Earlier in May, Senators Jay Rockefeller (D-WV) and Sen. Frank Lautenberg (D-NJ) offered their own alternative. Instead of a true bank, the Senators proposed a fund, which would provide loans as well as the grants traditionally provided by the US DOT. Unlike Kerry’s independent authority, the proposed bank would reside with in the DOT itself. The plan would allow the government to provide up to 70% of project financing and would authorize a total of $5B in government spending in the fund’s first two years (with grants capped at $600M each year).

At Streetsblog, Tany Snyder weighs the pro’s and con’s of the Rockefeller/Lautenberg proposal. On the upside, the grant-making process smartly recognizes that many meritorious projects cannot be expected to yield positive returns. On the downside, this busines-as-usual approach is unlikely to garner suport from fiscally minded Republicans. In addition, the fund’s investments would be subject to the same political pressure that currently shapes infrastructure investment (as noted by Scott Thomasson at the Progressive Policy Institute).

An infrastructure bank could play well into the strategies of both the Republican and Democratic parties. For Democrats, such a bank could support a strong role for the government in ongoing transportation investments, a key part of Obama’s six-year transportation plan. For Republicans, the bank could address a growing perception that America has lost its will to complete big projects, while embracing a private-market approach to investment.

Amtrak Embraces Private Investment

A private infrastructure bank could play an important role in addressing infrastructure needs in the Northeast.  Regional scope and strong potential for profitable operations make HSR on the Northeast Corridor a likely candidate for financing from a national infrastructure bank.
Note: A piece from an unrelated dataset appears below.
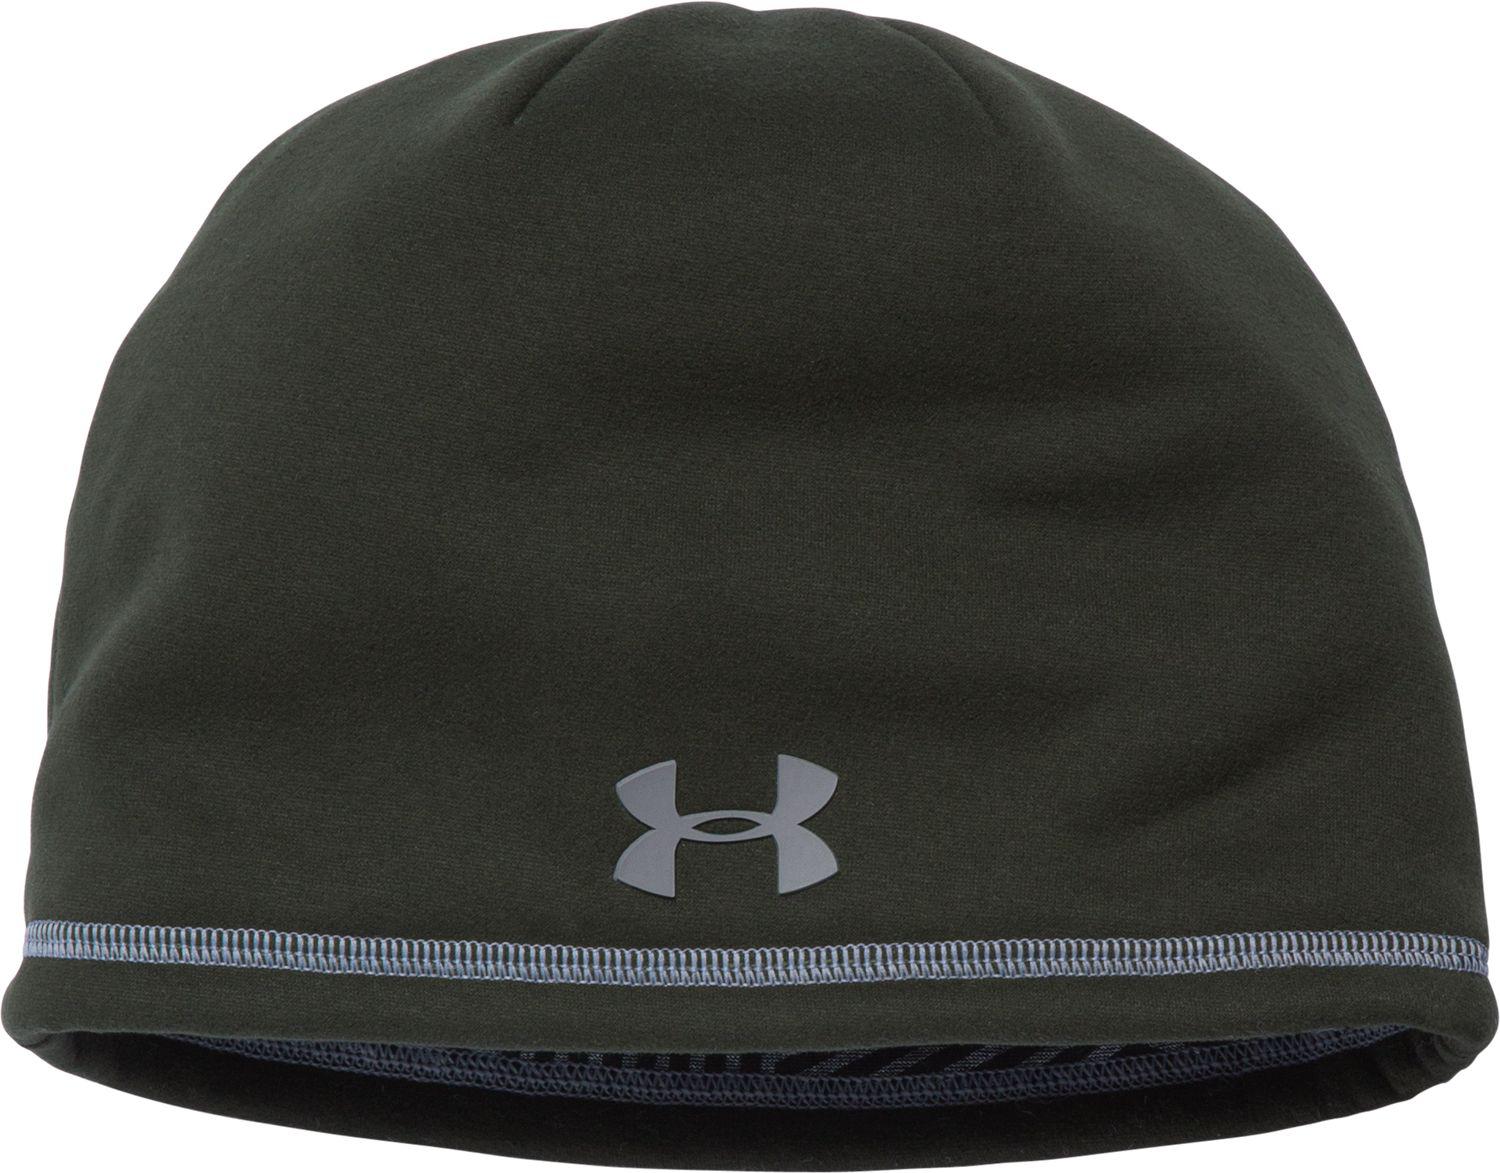 Under Armor Cold Gear Hats Top Sellers, GET 50% OFF, ricettecuco.it

Since an infrastructure bank remains only a proposal, Amtrak is already taking steps to take advantage of private investment.  Currently, Amtrak’s vision for HSR in the Northeast calls for a total of $117B in investments, a number that seems impossibly high for the U.S. government to provide alone. In fact, Amtrak’s recent $450M grant to implement 160mph operations on track between Pennsylvania and NJ represents less than 1% of the total expected costs.

Last week, Amtrak announced that in April the national corporation released a Request For Proposals for a business plan to implement HSR on the northeast corridor. The business plan would keep Amtrak as the developer and operator of the service, while inviting private investors to supplement government financing. According to Amtrak, multiple investment firms have expressed interest in working with the corporation to develop their business plan, with final proposals due on June 10.

With the certainty that government spending will not return to its previous levels, it is critical for Amtrak to pursue private investment. Since state governors like Chris Christie have proven to be fickle partners on projects with regional significance, it will be important for the Federal government or an independent infrastructure bank to steward these large-scale investments.